Thermodynamic Surfaces and Equations of State

Thermodynamic surfaces are three-dimensional diagrams that describe every equilibrium point of a pure substance, including the vapor, liquid, and solid phases. Two types of thermodynamic surfaces – pressure-volume-temperature ( $p - v - T$ ) surfaces and temperature-entropy-pressure ( $T - s - p$ ) surfaces – are discussed here. Figure 1 shows a typical stable equilibrium $p - v - T$ surface for a pure substance that contracts upon freezing. The primary point of interest on this surface is the critical point, which describes the equilibrium point of the substance where the saturated-liquid and saturated-vapor states are identical. This point exists at the inflection point of the two-phase hump that delineates the phase change from liquid to vapor. The phase change from solid to liquid (melting) is also described by the narrow surface between the solid and liquid phases. One last interesting feature of the $p - v - T$ surface is the surface that shows sublimation, solid-to-vapor phase change. Sublimation occurs if the pressure of the substance at a constant temperature is low enough. The solid-vapor surface exists below the narrow solid-liquid region and the liquid-vapor two-phase hump. All of these phenomena are more easily observed on the phase diagram that will be described in Section 2.8.2. It should be noted that the thermodynamic surface in Fig. 1 describes a pure substance that contracts upon freezing. For a substance that expands upon freezing, such as water-ice, the solid-liquid two-phase region would have a negative slope in the pressure-temperature plane, instead of the positive slope shown here.

Figure 1

p - v - T

surface of a pure substance that contracts upon freezing.

Figure 2

T - s - p

surface of a pure substance.

Very similar to the $p - v - T$ surface is the $T - s - p$ surface shown in Figure 2. As in the $p - v - T$ surface, the critical point lies at the top of the liquid-vapor two-phase hump. However, the two-phase surfaces show how entropy of the substance changes during phase change, instead of how the volume changes, as in the $p - v - T$ surface. This diagram also demonstrates that the entropy of the substance increases from the densest phase (solid) to the least dense phase (vapor).

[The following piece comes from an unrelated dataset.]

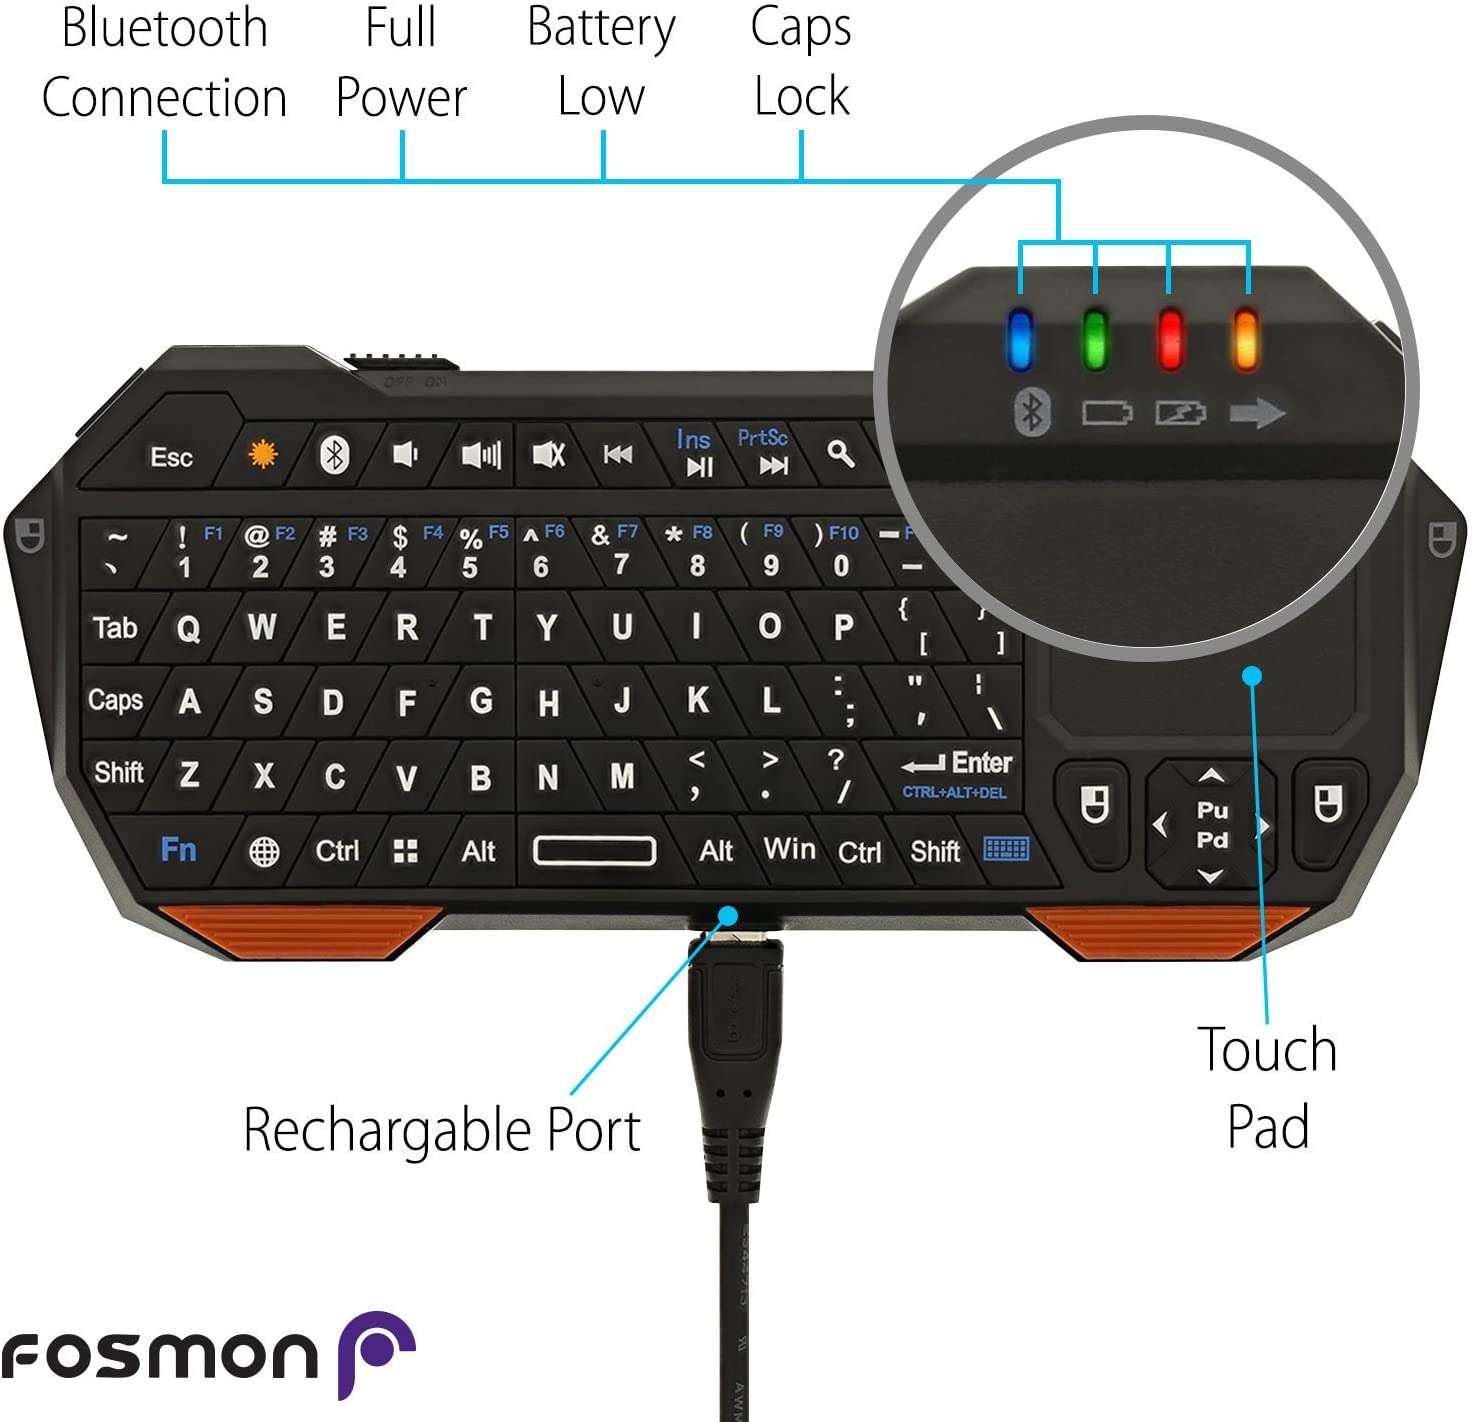 Fosmon Mini Bluetooth Keyboard

p-T, p-v and T-s Phase Diagrams for a Pure Substance

Phase diagrams are created by taking a slice from a thermodynamic surface; the slice is perpendicular to one of its principal axes. Phase diagrams are usually more convenient to use than thermodynamic surfaces because they show the behavior of a substance more clearly in a two-dimensional diagram, i.e., one thermodynamic property from the thermodynamic surface is assumed constant. The three most common phase diagrams for pure substances are: (1) the pressure-temperature phase diagram from the $p - v - T$ surface, (2) the pressure-volume phase diagram from the $p - v - T$ surface, and (3) the temperature-entropy phase diagram from the $T - s - p$ surface. Figure 3 shows the $p - T$ and $p - v$ phase diagrams for a pure substance that contracts upon freezing. The $p - T$ diagram is relatively straightforward and shows the three phases separated by saturation curves. Along the saturation curves, the two adjacent phases are at equilibrium. The $p - T$ diagram also shows the triple point where all three phases coexist at equilibrium. The critical point denotes the highest pressure and temperature at which the distinction between the liquid and vapor phase can be made. The $p - v - T$ diagram for a pure substance that expands upon freezing is similar to that shown in Fig. 3(a), except that the solid-liquid saturation curve has a negative slope instead of a positive slope.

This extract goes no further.